First, quick check in: You win that game? 😃
Get this: Seneca was talking about the same thing 2,000 years ago.
As you may know, Seneca was born around the time Jesus was born. He was one of history’s leading Stoic philosophers. In addition to being one of the wealthiest people of Rome and a statesman plus advisor to emperors, he was also a playwright and is considered the creator of the essay.
In one of his great books called On the Shortness of Life, Seneca talks about the importance of giving our minds time to rest.

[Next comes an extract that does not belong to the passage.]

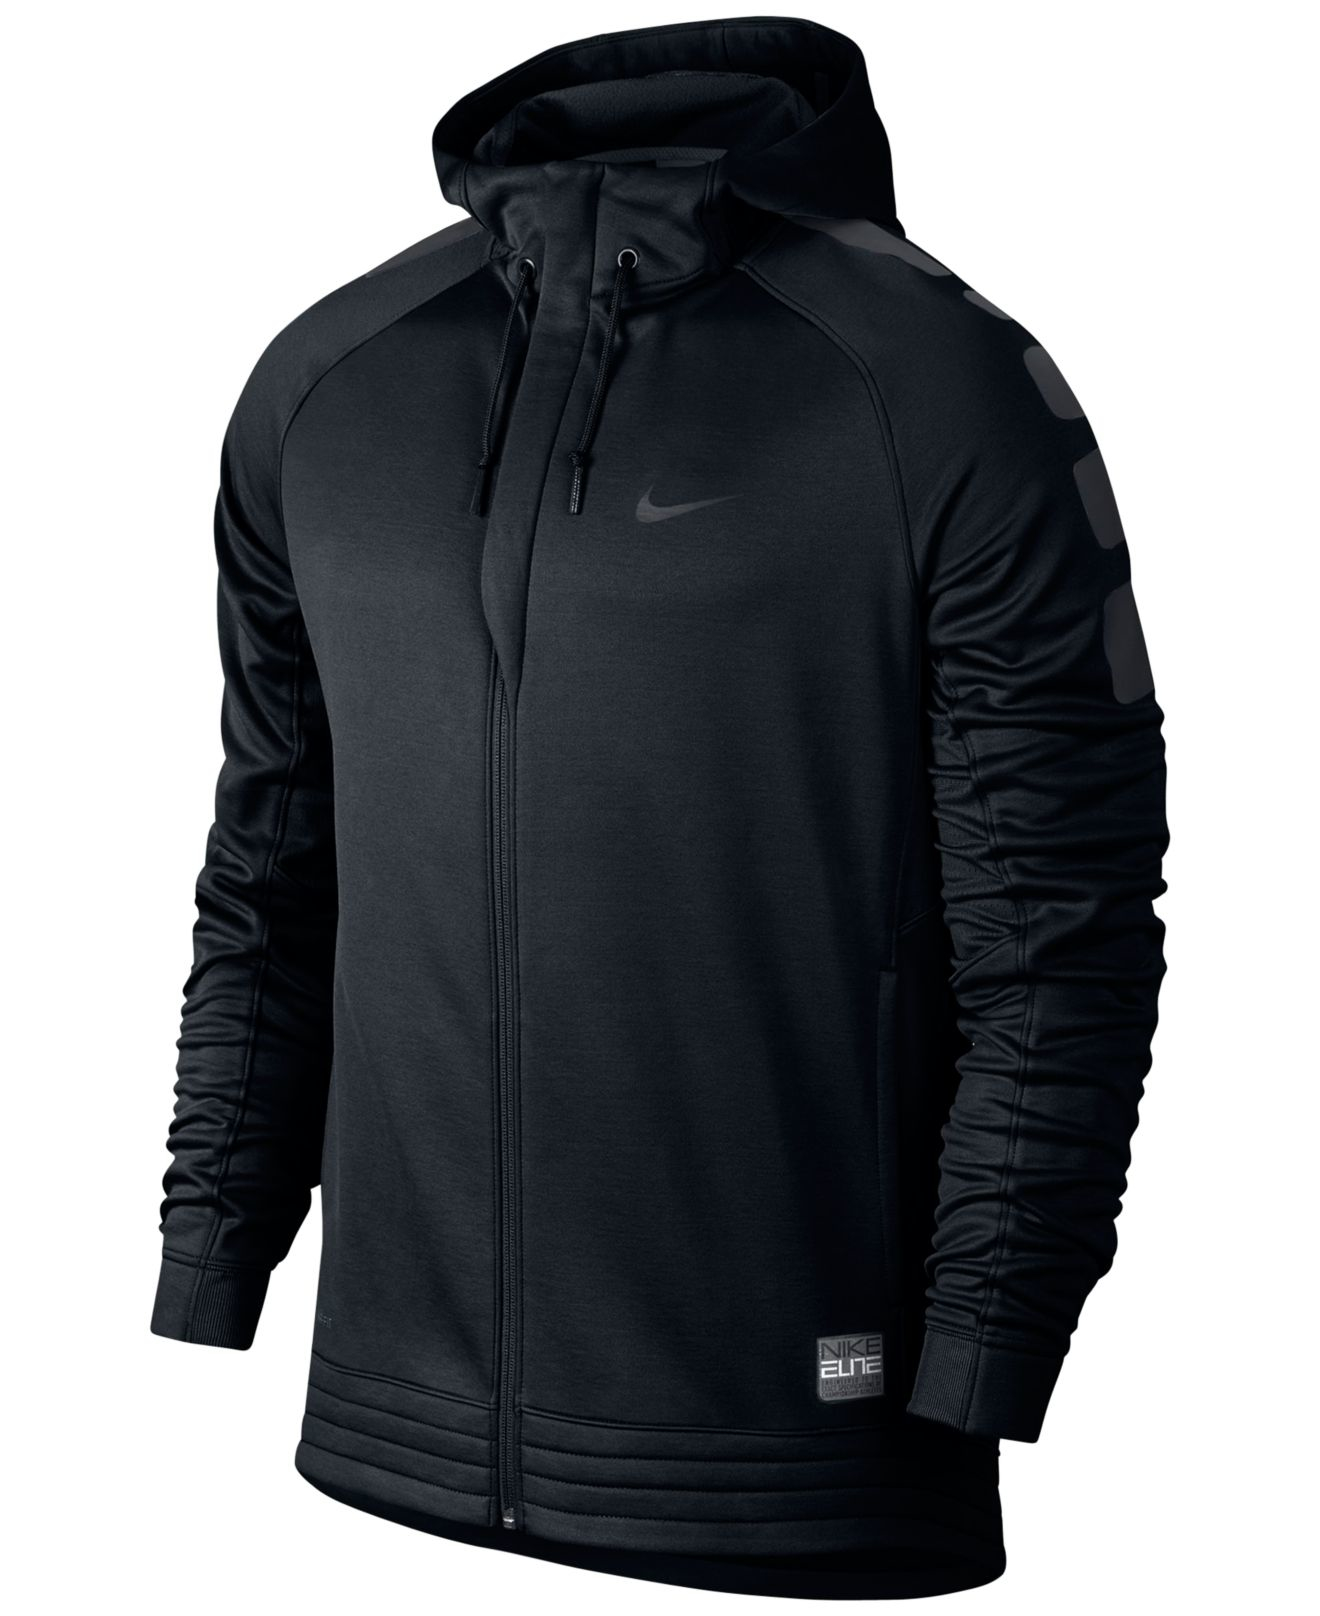 Lyst - Nike Men's Elite Striped Full-zip Basketball Hoodie in Black for Men

Specifically, he says: “Our minds must relax: they will rise better and keener after a rest. Just as you must not force fertile farmland, as uninterrupted productivity will soon exhaust it, so constant effort will sap our mental vigour, while a short period of rest and relaxation will restore our powers. Unremitting effort leads to a kind of mental dullness and lethargy.”
He tells us that back in the good ol’ days of the Roman senate, they couldn’t introduce anything important after the tenth hour. Checking our math, we’ll note that the sixth hour was for rest (and, as we discussed, is the origin of “siesta”). That was at noon. So, our 10th hour? That was 4pm.
The ancient Roman senate didn’t allow anything new to be introduced that would tax their brains after 4pm.
If that policy was good enough for the Roman senate, I say it’s good enough for our lives! (Hah.)
Again, we’ve gotta give our minds time to rest.
End your days at a reasonable time.
Turn your brain off.
Restore your power.
Rise better and keener after a solid rest!